Leaf-meridian bio-inspired nanofibrous electronics with uniform distributed microgrid and 3D multi-level structure for wearable applications
Mingxu Wang, Dong Li, Jiajia Wu, Jian Shi, Qiang Gao, Chunhong Zhu, Hideaki Morikawa
Abstract
Abstract The interface between the active electronic and its osculatory target dominates the sensing response of high-sensitivity sensors. However, the interface properties are difficult to be adjusted and preserved owing to the limited strategies for surface engineering.

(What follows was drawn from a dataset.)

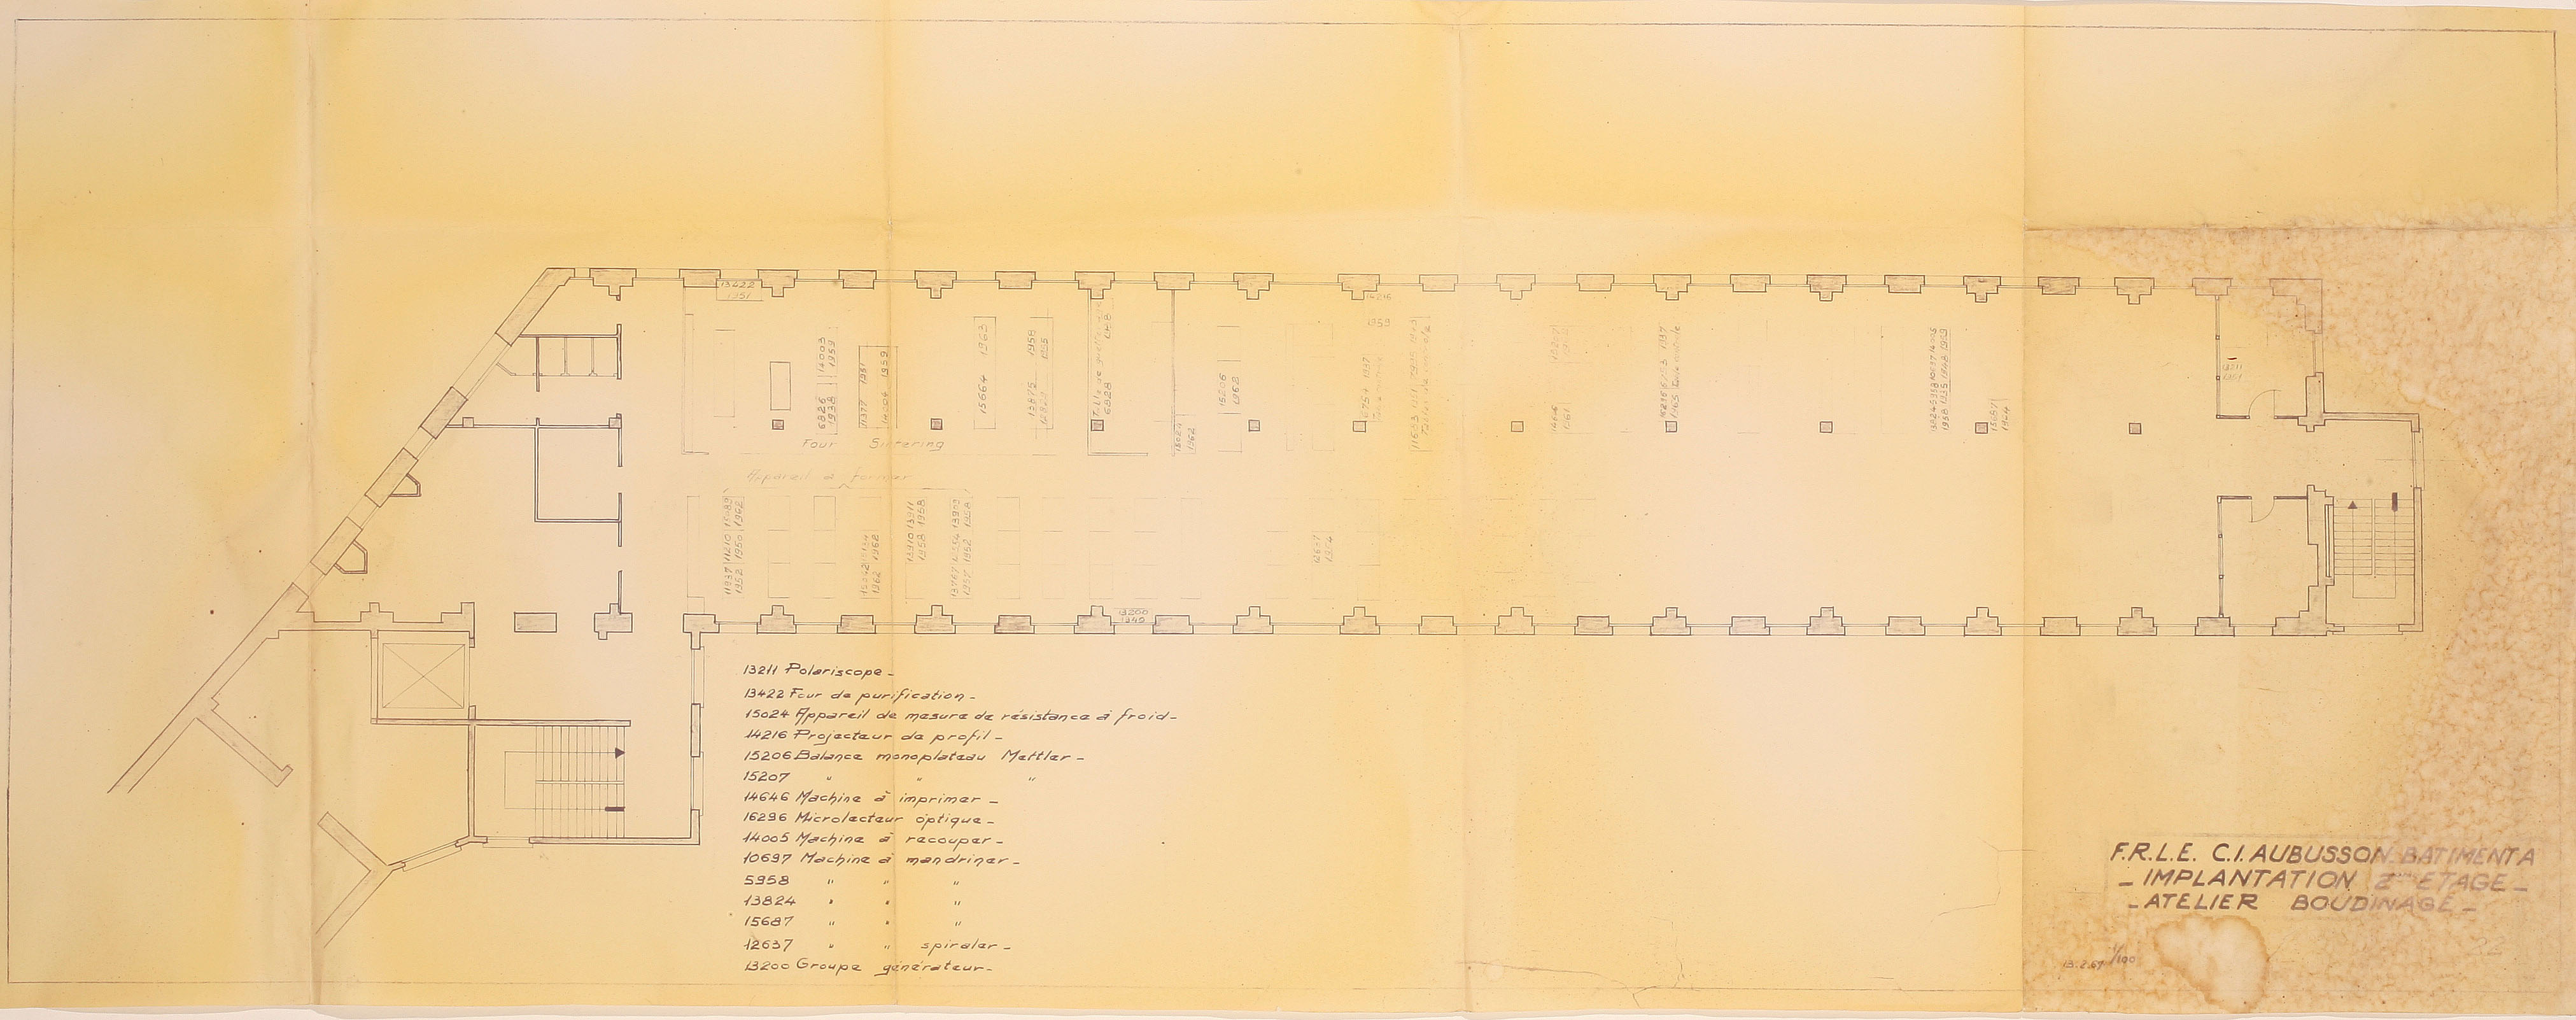 Plan du 2ème étage du bâtiment A de la FRLE (1966) (AC Aubusson).

In this work, inspired by nature frond leaf, a spatial multi-level nanofibrous membrane with grid-like microstructure of uniform distribution was fabricated, in which carboxylated carbon nanotubes (CCNTs)/poly(3,4-ethylenedioxythiophene) (PEDOT) was modified onto the surface of grid-like polyurethane (PU) nanofiber via the combination of metal mesh template, in situ polymerization and ultrasonic treatment. Nanofibrous membrane enables a pressure sensor with high sensitivities (5.13 kPa −1 ), fast response/recovery time (80 ms and 120 ms), and ultralow detection limit of 1 Pa. In addition, as a scalable and integrable platform, we also demonstrate its multifunctional applications for electro-thermal conversion and energy harvesting. All these results indicate the proposed nanofibrous membrane may potentially be applied to next-generation wearable devices.